I have the raw content (text and HTML markup) from thousands of websites. The end goal is exploring topic modeling and clustering. There are many examples of how to filter out non-English words using Python, but unfortunately most do not quite work for the corpus with which I'm working. A few reasons why:
- No geographic info is included in the data set, so cannot just filter by English-speaking countries
- Even if some geographic data can be inferred (.e.g, a
.in
top-level domain), there is still the possibility the document extracted from that site will contain English
Here's why the following posts don't quite work in my case:
In python, extracting non-English words was a good start, especially because it also removed punctuation, but it still includes non-English words:
import pandas as pd
from pandas import Series, DataFrame
In [1]: test_str = Series(['中', 'hello','زندگی','Yo!','かたて く範囲','+44 designer','{{appDetails.title}} {{"TERM','The Pen Company ✒',np.nan,' Shopping Cart:0 Log In/Register'])
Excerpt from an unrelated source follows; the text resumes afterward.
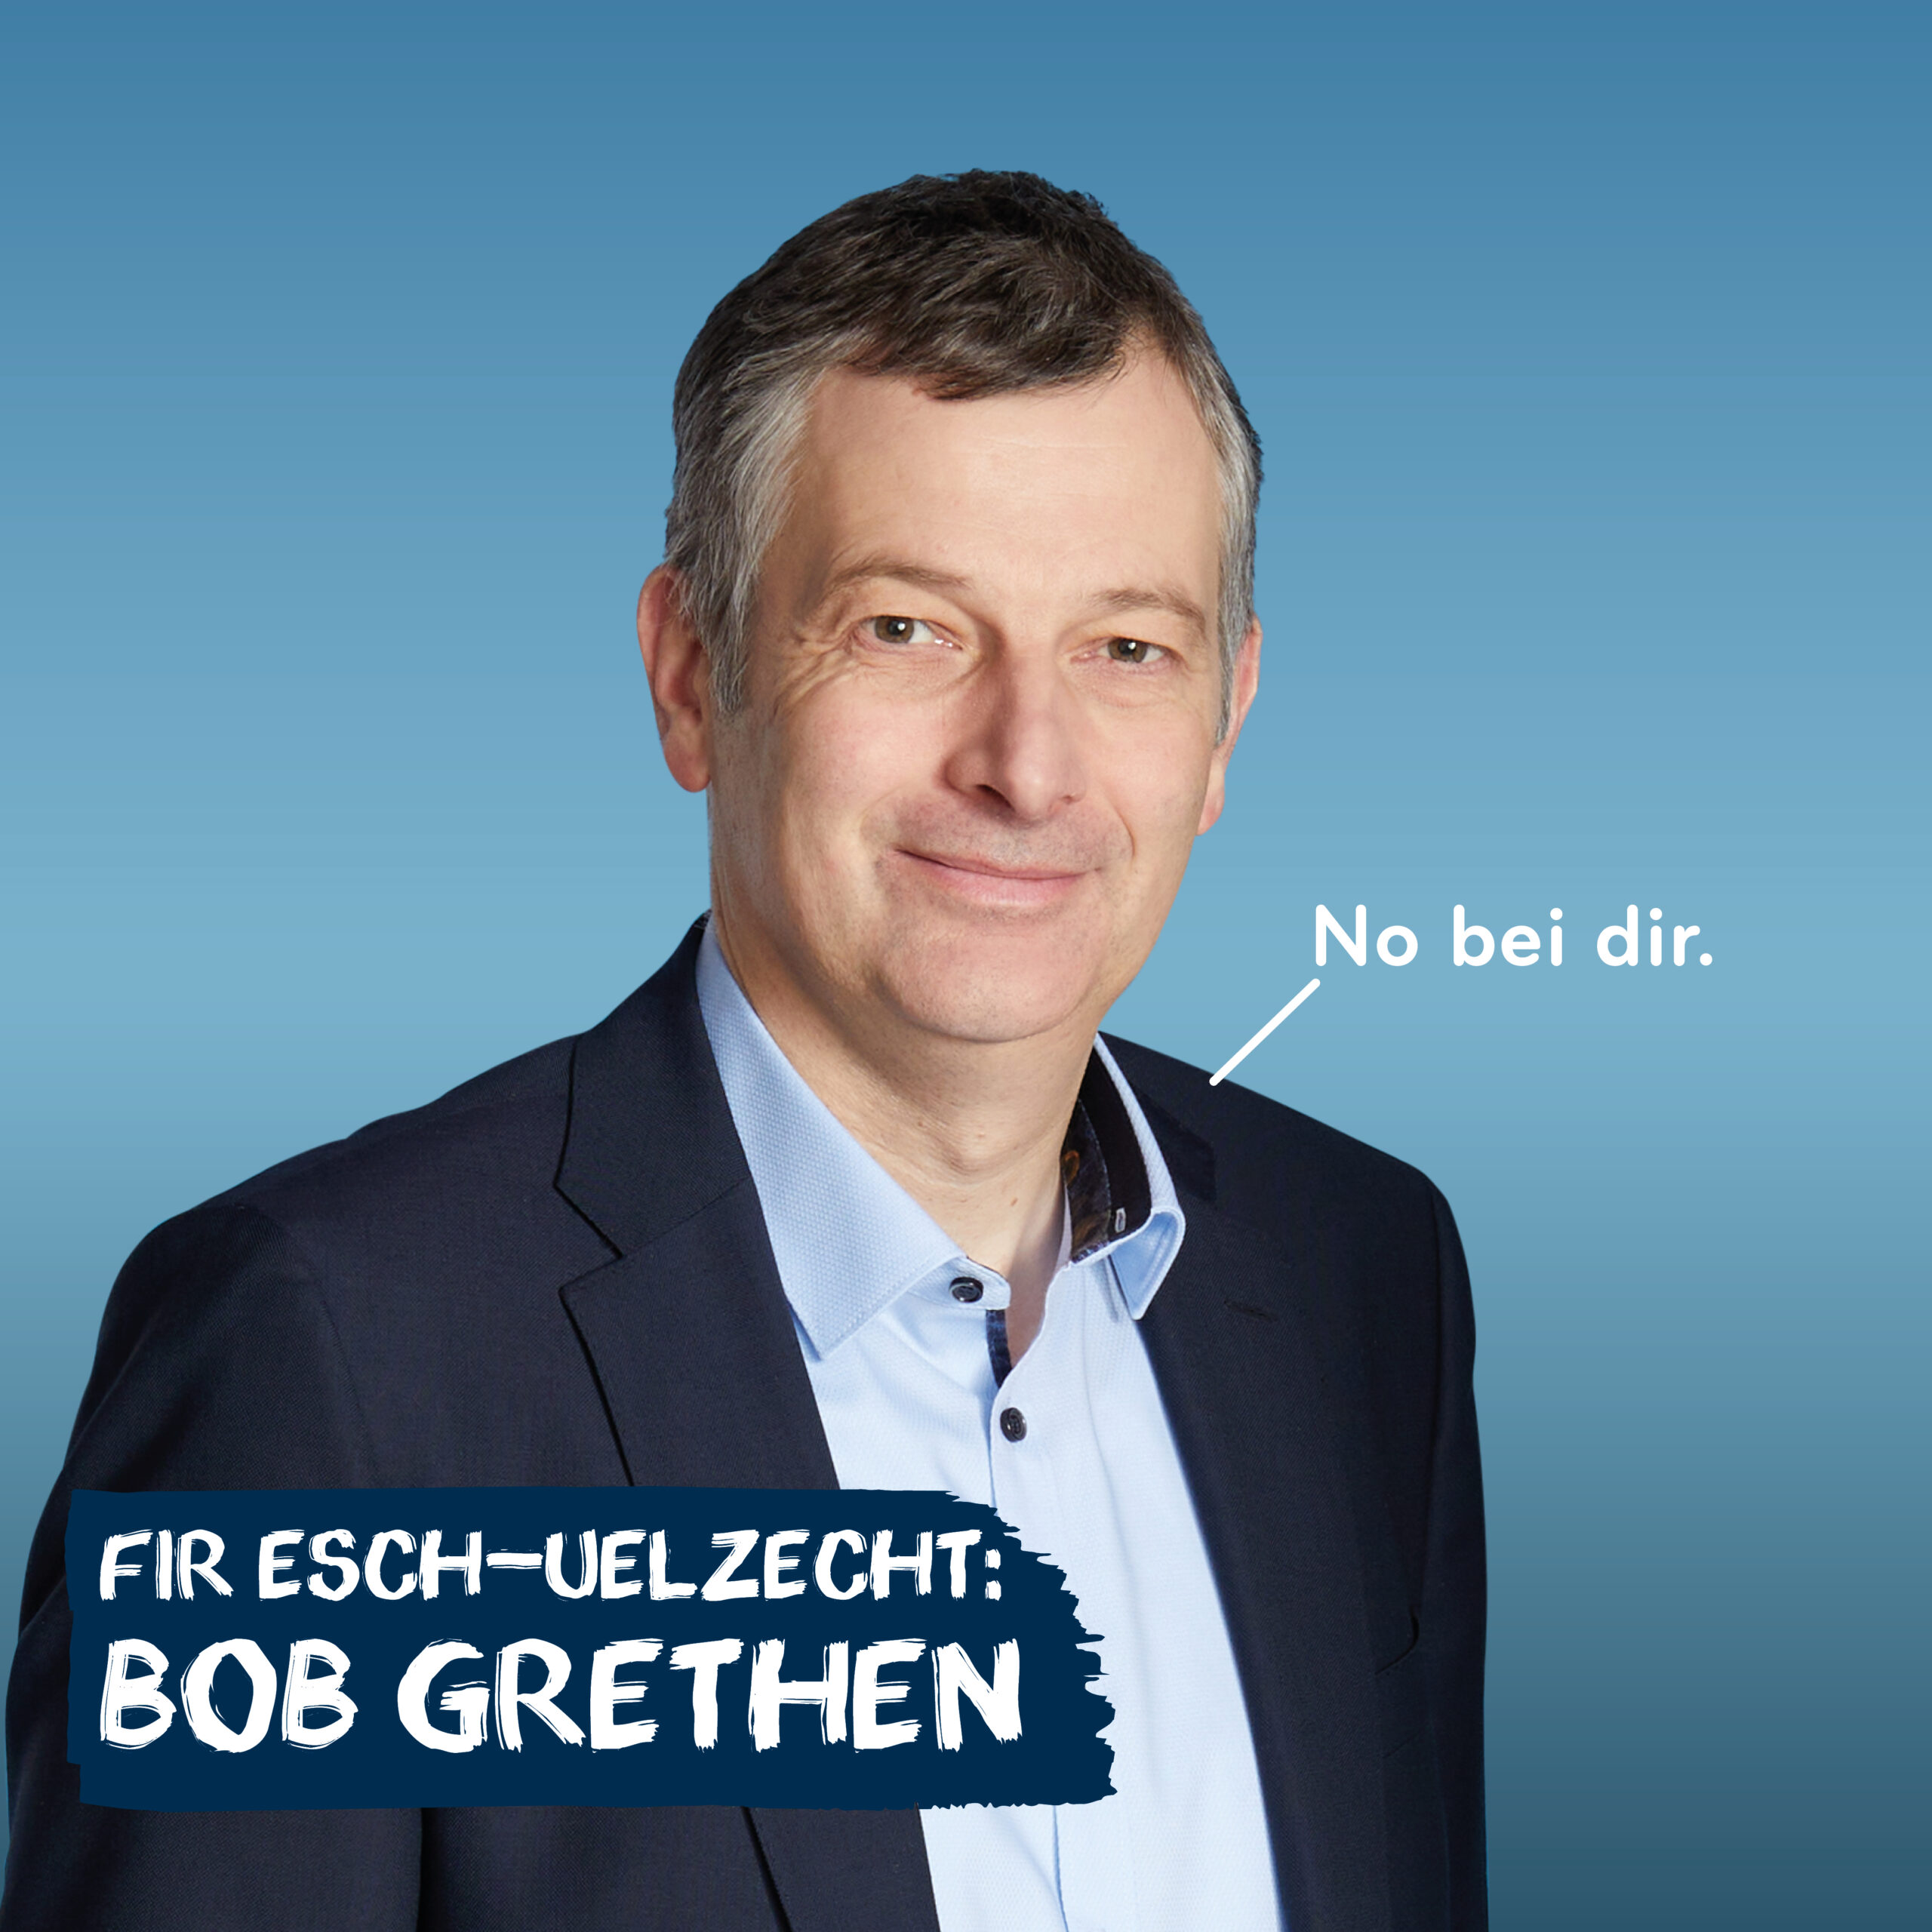 esch---grethen-bob_52793045959_o
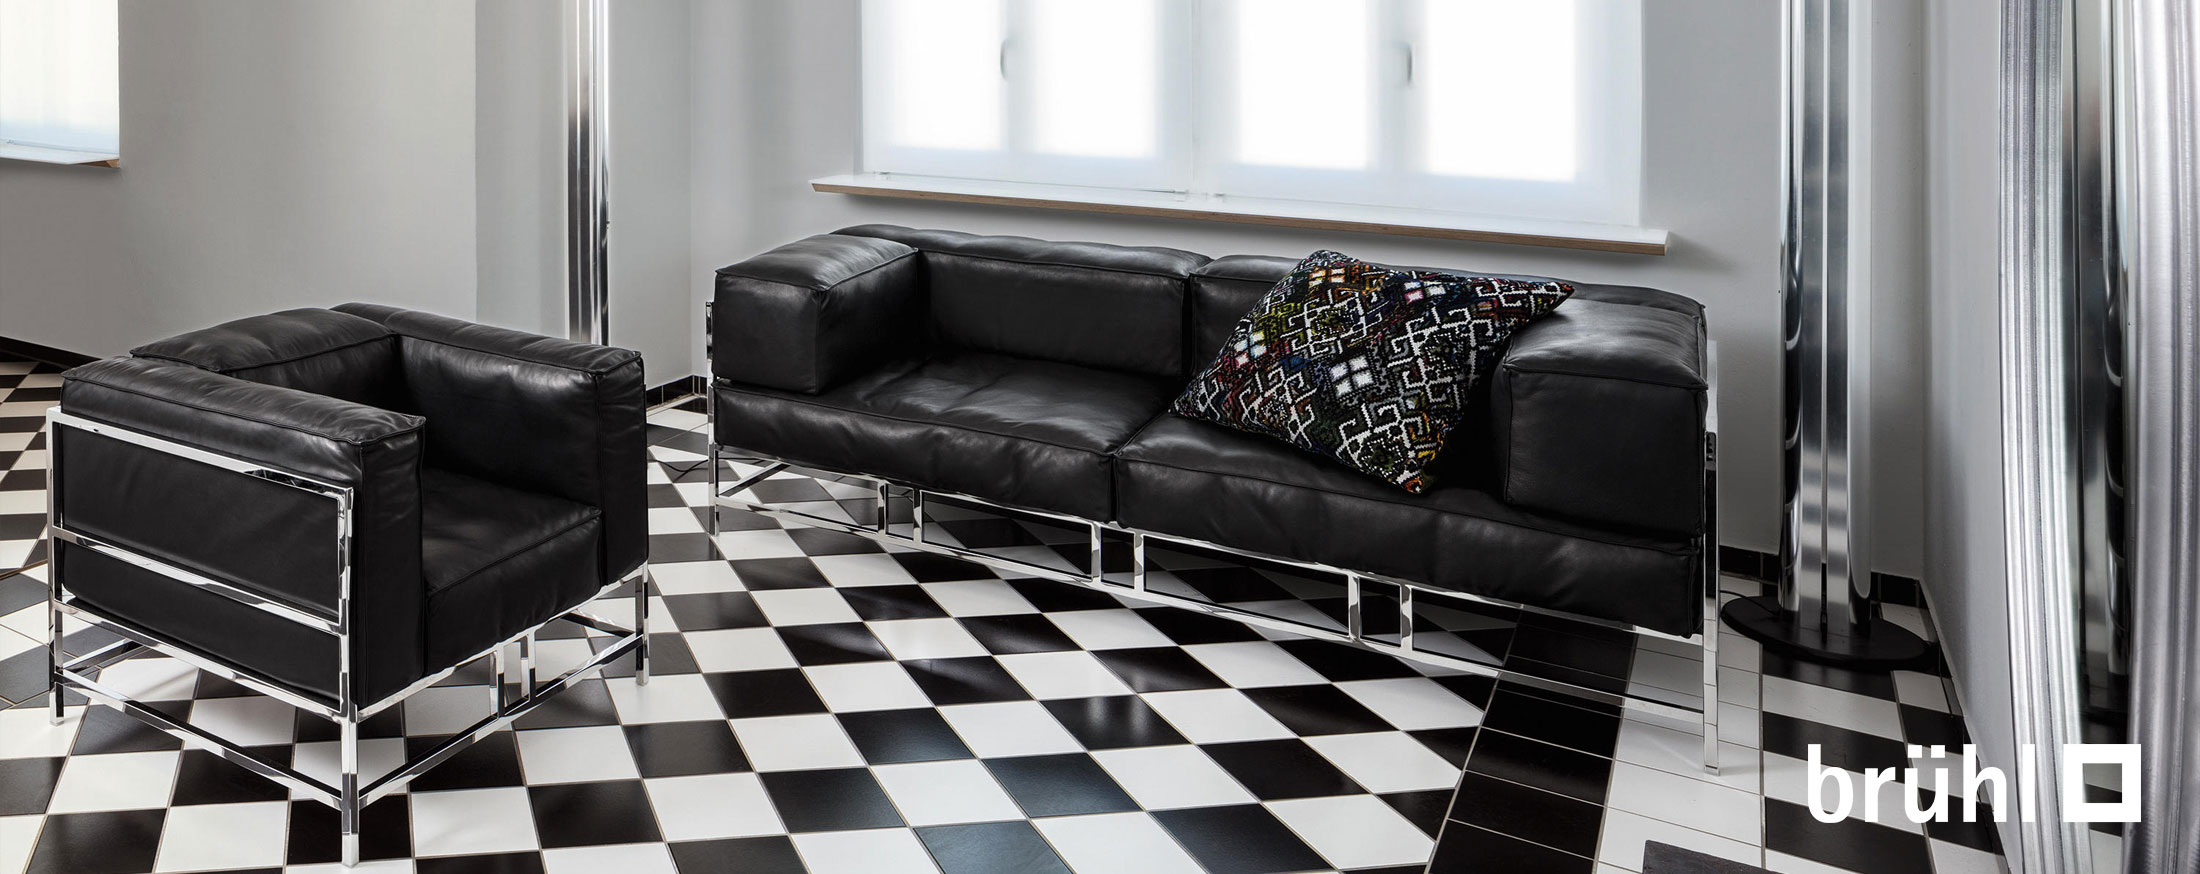 Brühl Möbel - die perfekte Verbindung von Funktion und Design

In [2]: test_str.str.findall('[^\W]+')
Out [2]:
0 [中]
1 [hello]
2 [زندگی]
3 [Yo]
4 [かたて, く範囲]
5 [44, designer]
6 [appDetails, title, TERM]
7 [The, Pen, Company]
8 NaN
9 [Shopping, Cart, 0, Log, In, Register]
dtype: object
Extract non-content English language words string - python is more about using stop-words, which I am already planning on using, for example:
from nltk.corpus import stopwords
english_stops = stopwords.words('english')
vect = CountVectorizer(max_features=10000,max_df=.2,stop_words=english_stops)
One possibility here though...the Python NLTK shows an example of creating a list of all English-language words:
wordlist = [w for w in nltk.corpus.words.words('en') if w.islower()]
which could then be used to filter tokens...however, given the amount of data that seems like a sub-optimal option. Similar approaches would be Removing non-english words from a sentence in python or dropping row containing non-english words in pandas dataframe, but again, using English dictionaries to match word-by-word seems excessive.
An example function from a notebook demonstrating clustering also lets through non-English languages.
def tokenize_only(text):
# first tokenize by sentence, then by word to ensure that punctuation is caught as it's own token
tokens = [word.lower() for sent in nltk.sent_tokenize(text) for word in nltk.word_tokenize(sent)]
filtered_tokens = []
# filter out any tokens not containing letters (e.g., numeric tokens, raw punctuation)
for token in tokens:
if re.search('[a-zA-Z]', token):
filtered_tokens.append(token)
return filtered_tokens
In this case, Finnish words like Etusivu
will pass through the filters.
Ideally, any solutions will not take an approach of checking each word in the corpus; that being said, I'm open to whatever path others with more experience have taken (including a word-by-word check) :-)